On 04/25/14 02:37, Ted Unangst wrote:
On Thu, Apr 24, 2014 at 22:17, Alexander Hall wrote:
On 04/23/14 23:01, Ted Unangst wrote:
CVSROOT: /cvs
Module name: src
Changes by: [email protected] 2014/04/23 15:01:15
Modified files:
lib/libssl/src/ssl: kssl.c
Log message:
null pointers after free to prevent double frees and worse. also fix a
Looking at the code, this looks like an effort in being proactive:
free(*princ);
*princ = NULL;
... nothing about 'princ'...
if ((*princ = calloc(1, length)) == NULL)
return KSSL_CTX_ERR;
However, would that not rather risk hiding potential use-after-free's by
not exposing a second free() later on?
Now if you try to use it, you will get an immediate crash.
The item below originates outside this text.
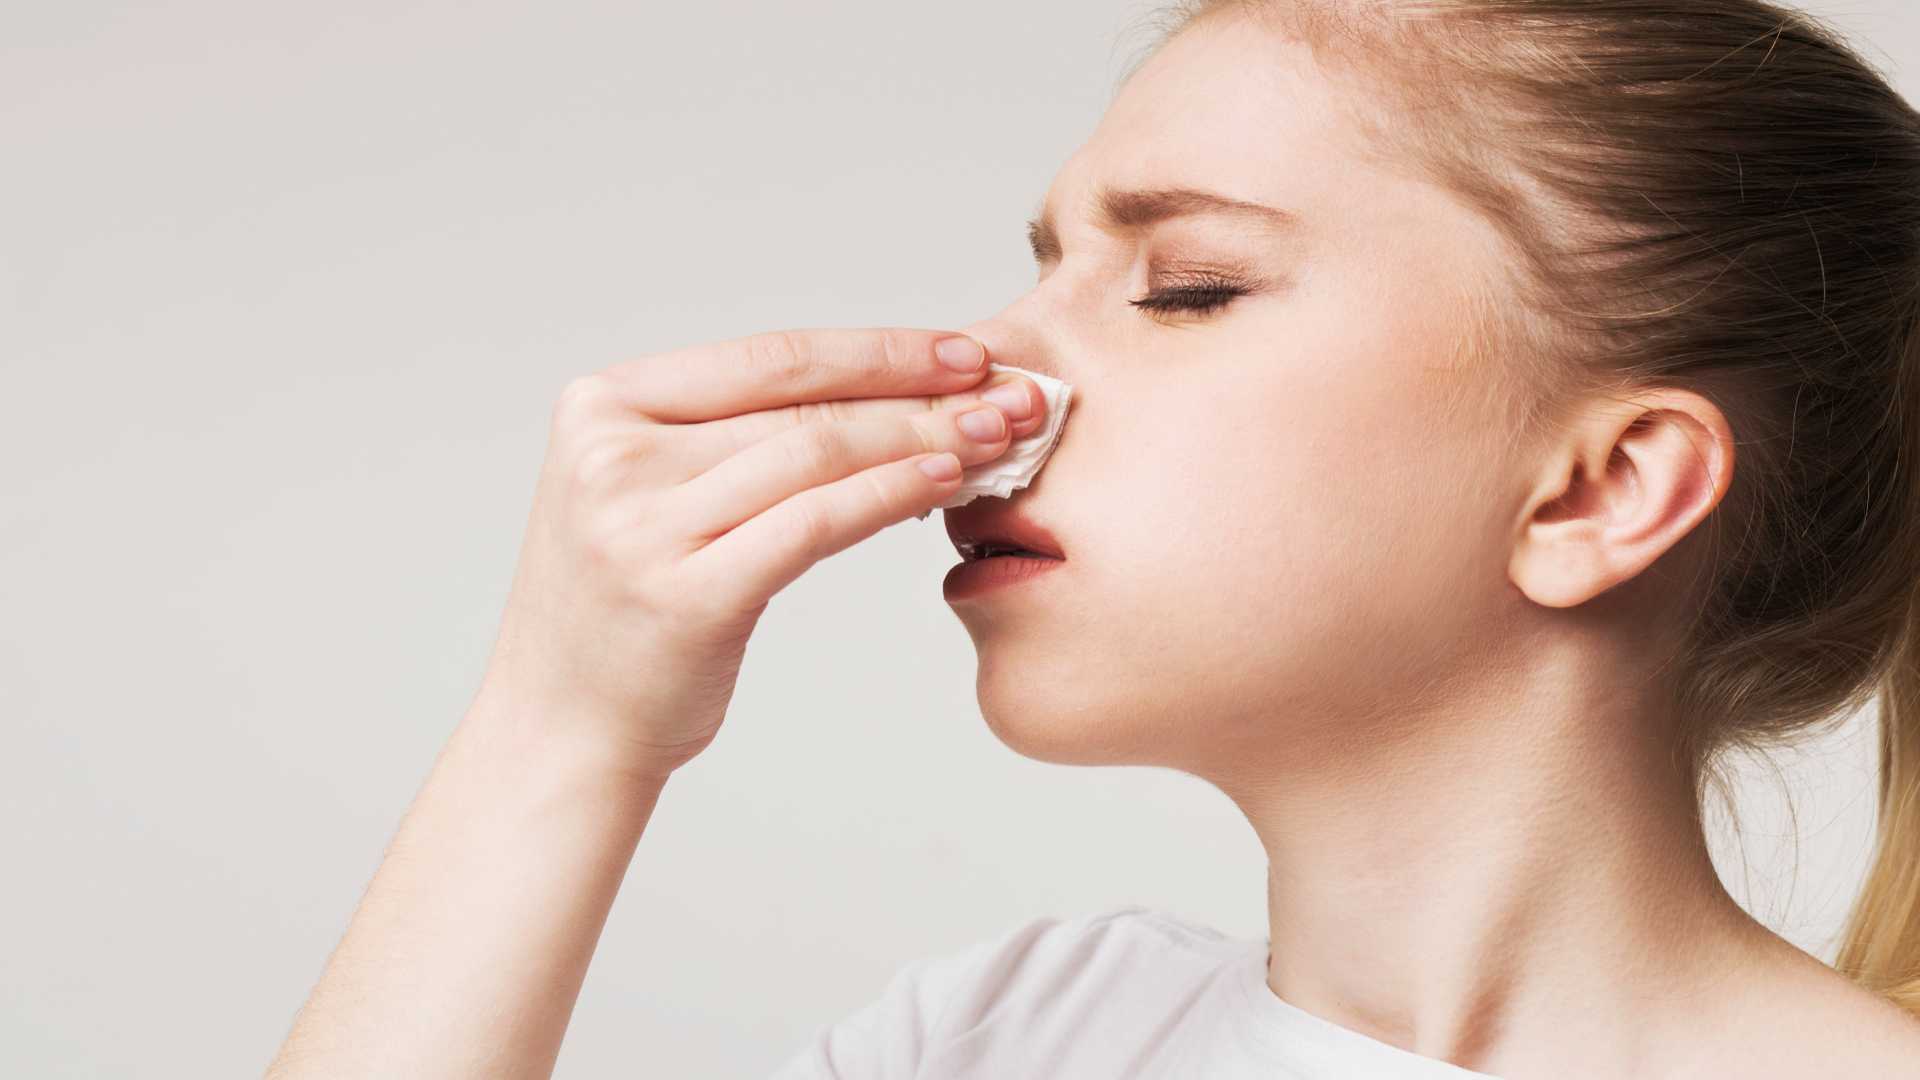 Nasal Congestion: Symptoms, Causes, Treatments

I
Ah, indeed. I was too focused on the free() and my mind was still set on
that the pointer still addressed the already free'd memory. D'oh.
think free then NULL is the best idiom to use anywhere it's not obvious
what the pointer's lifetime will be. In some cases, this is
unnecessary, but it's not burdensome in my opinion. I'm not going
crazy and adding null after every free, just the ones that look
suspicious.
Indeed. I withdraw my comments. :-)
/Alexander
(This one looked a lot more suspicious than it really was because of
the use of '\0' for null. It was in effect already doing what I
changed it to, just in an obfuscated manner.)